Notre narrateur se hait fermement, sans cordialité et fait ce qu'il peut pour s'en justifier. C'est qu'il est méchant, se glisse, fuyant, hors de toute relation sociale qui ne lui procurerait pas une certaine volupté de pouvoir en même temps qu'un sentiment nauséeux d'atroce nullité ; il a des blessures à confirmer, en tête desquelles sa laideur, qui lui paraît proprement injustifiable. D'ailleurs, il aimerait bien que ce soit la source de ses maux tout comme leur probe illustration, la clé de sa relation aux autres. Il a une femme, c'est sûr, dont la présence lui paraît un malentendu abominable, d'autant plus incompréhensible qu'ils n'ont pour ainsi dire pas le moindre point commun. Pourtant ils s'en découvrent lorsqu'il est question de jeter un regard condescendant et vaguement affolé sur des voisins de vacances vulgaires, incultes et égoïstes au point de se servir d'un SDF recueilli (juste le temps nécessaire) comme d'un faire-valoir. Ce n'est pas du tout comme si Emile Brami était en train de se comporter de la même façon en nous étalant leur hypocrisie, et sa peu vigoureuse indignation, au grand jour...

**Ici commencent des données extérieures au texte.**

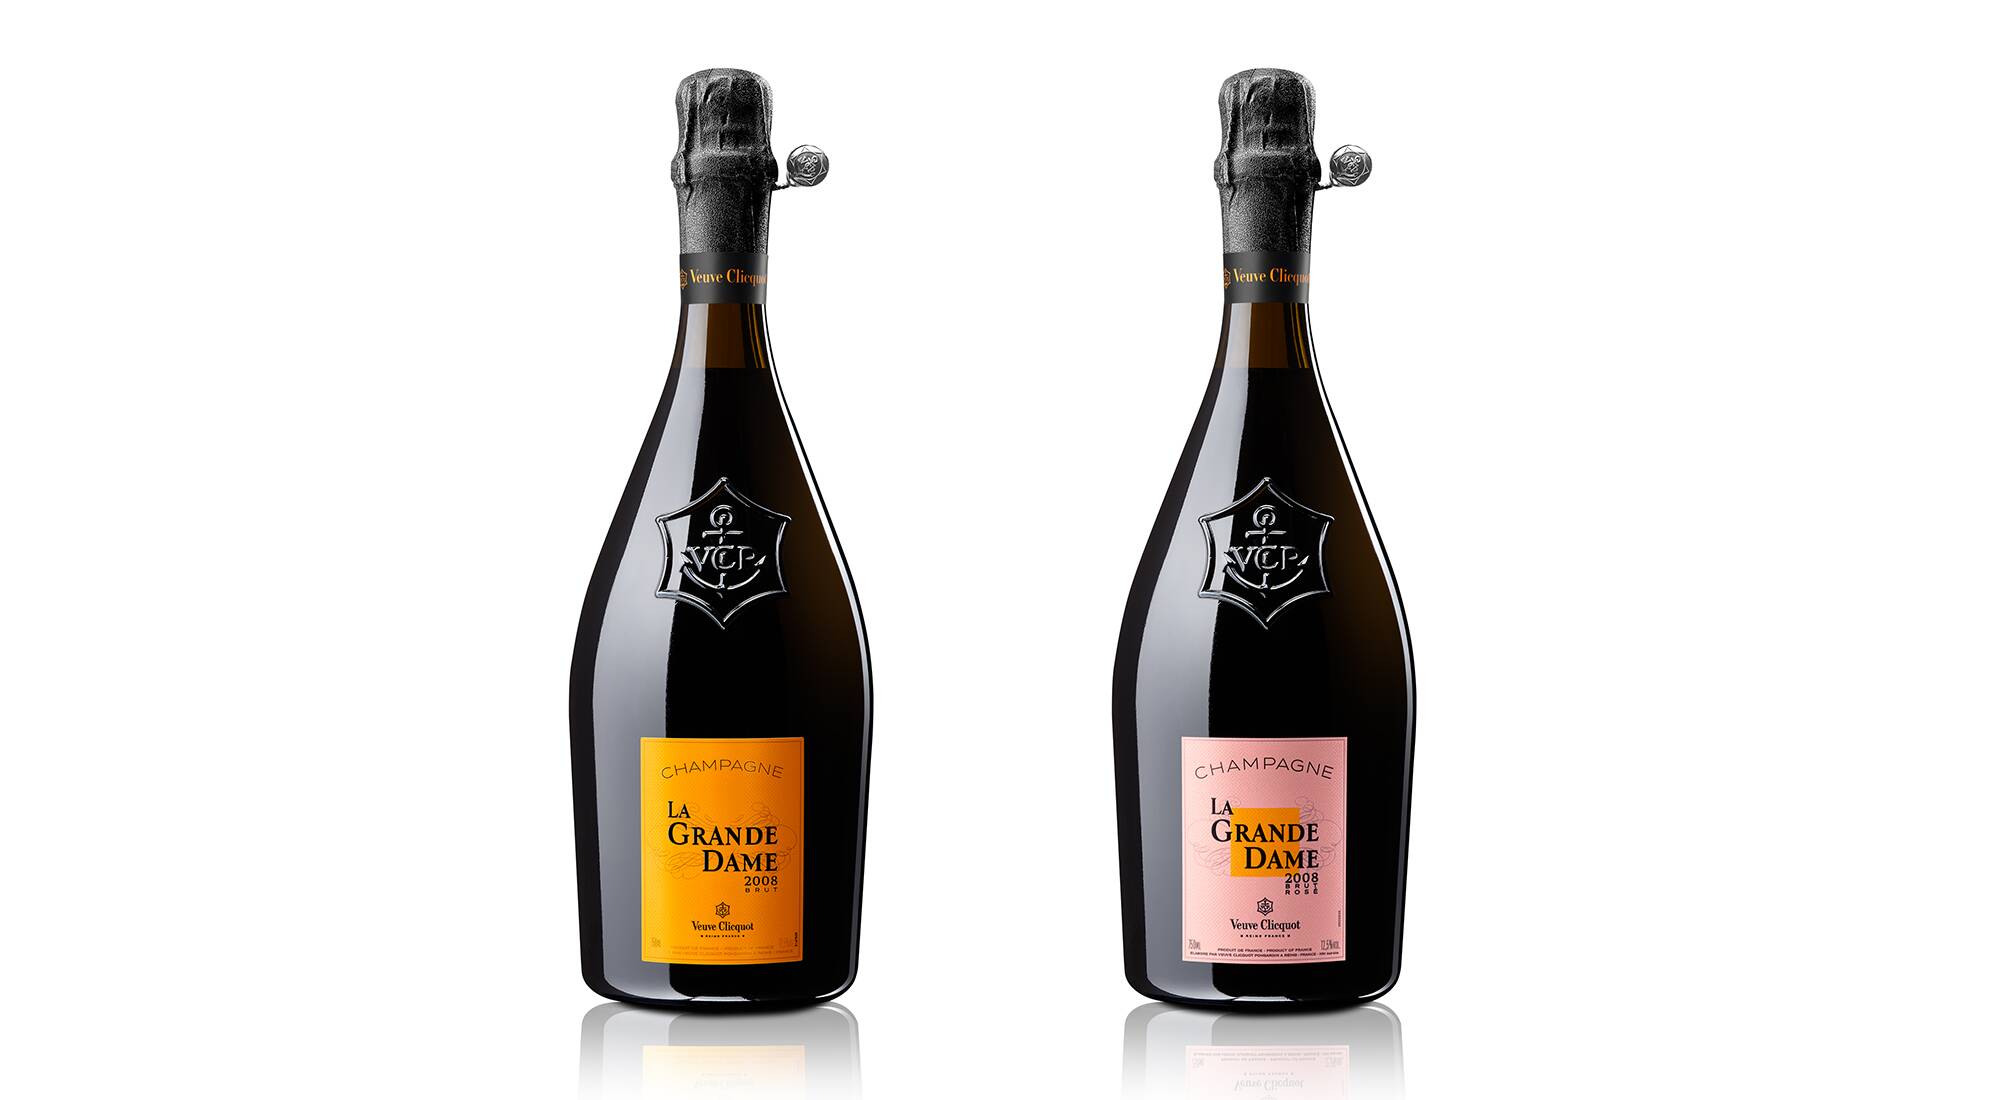 Veuve Clicquot unveils La Grande Dame 2008, a new vintage in the

Il regarde les gens qu'on ne voit pas, dans la rue, les cafés. Mais c'est pour profiter d'eux. Ou bien pour y chercher quelque chose d'un peu épique, pimenté, de quoi faire rêver le presque vieil homme qu'il est. Ou bien pour se demander ce qui lui arriverait à lui, Emile, si par malheur il se retrouvait dans la même situation, et conclure d'ailleurs qu'il serait bien incapable de se tirer d'affaire. Les derniers mots permettent enfin de comprendre pourquoi il est effectivement un salaud, extraordinaire au sens premier du terme : tout simplement parce qu'il n'a pas voulu voir que les autres ne sont pas différents de lui. Alors qu'il le savait, puisque ça l'a même rendu parfois plus gentil que la moyenne.

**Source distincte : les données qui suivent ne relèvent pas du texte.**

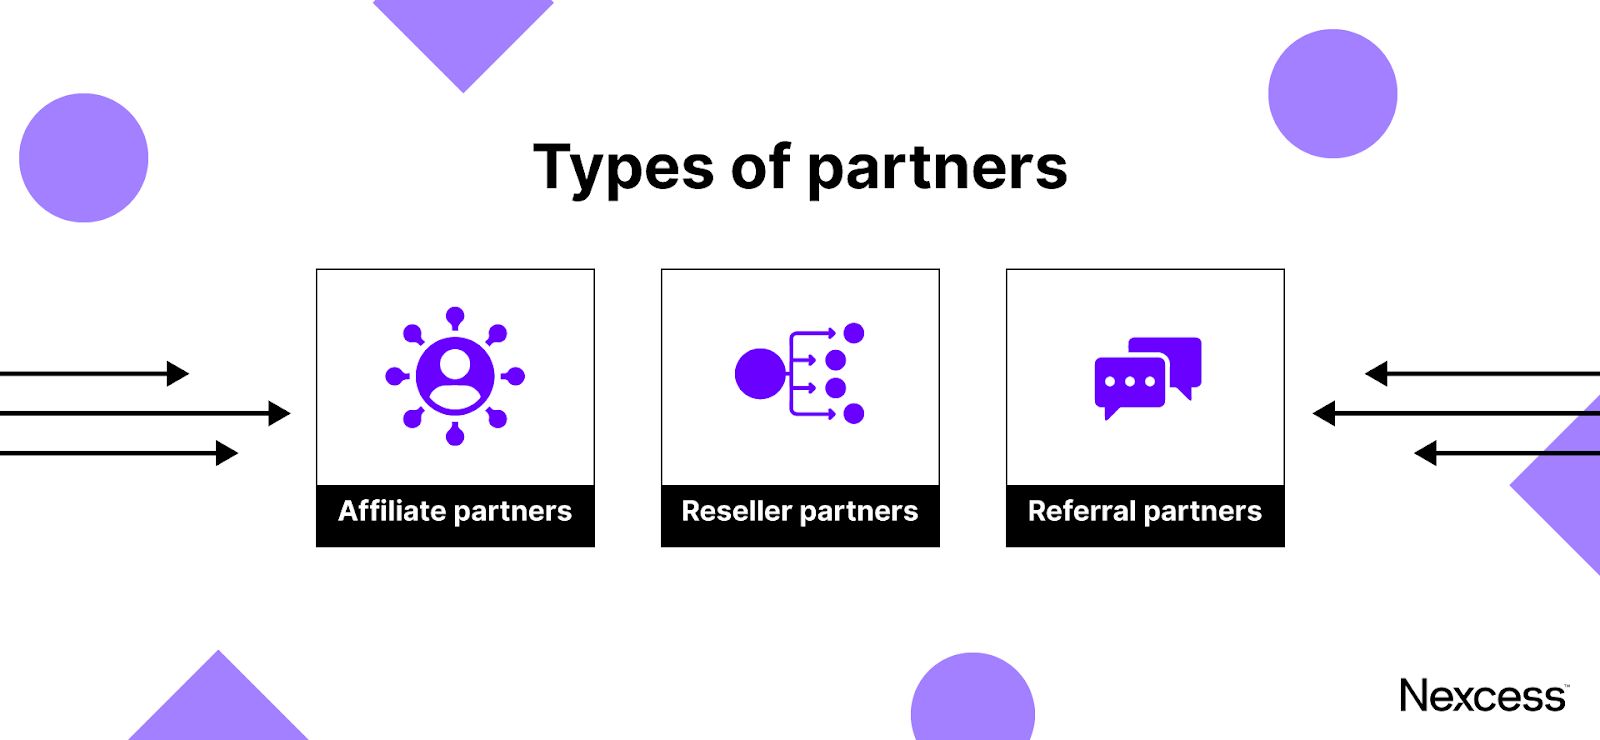 Types of partners in an agency partner program.

Emile Brami est sûrement un très vieil ami. Sinon comment expliquer que le récit des excursions qu'il mène dans des coins reculés et absolument privés de sa mémoire puisse nous sembler aussi naturel que sa conviction d'être mauvais par essence ? Le style est sobre, simple, le canevas de l'histoire, travaillé mais finalement assez basique. Pour saisir ce qu'il y a au coeur des étranges affinités que ce livre tisse entre l'auteur et son lecteur, il faut retourner à la fascination de l'enfant qui aimerait bien «voir avec les mains» mais, sachant que cela lui est impossible, continue en désespoir de cause de fixer le mécanisme du jouet dans la vitrine. Il voudrait bien savoir si Emile l'africain est un vrai méchant ou un gentil contrarié, parce que c'est une question sérieuse, tout de même ; s'il est Emile Brami ou bien juste l'un des personnages qui doivent se bousculer à l'intérieur de sa carcasse déformée par toute cette agitation du dedans ; et même, plus tragiquement, s'il existe en réalité des gens bien.

Alors le lecteur redevenu un simple gosse curieux prend garde à ne pas lâcher le fil des phrases et se retrouve ébahi et méditatif, une fois sa lecture achevée, à se demander si par hasard il n'aurait pas compris ce qu'Emile voulait dire.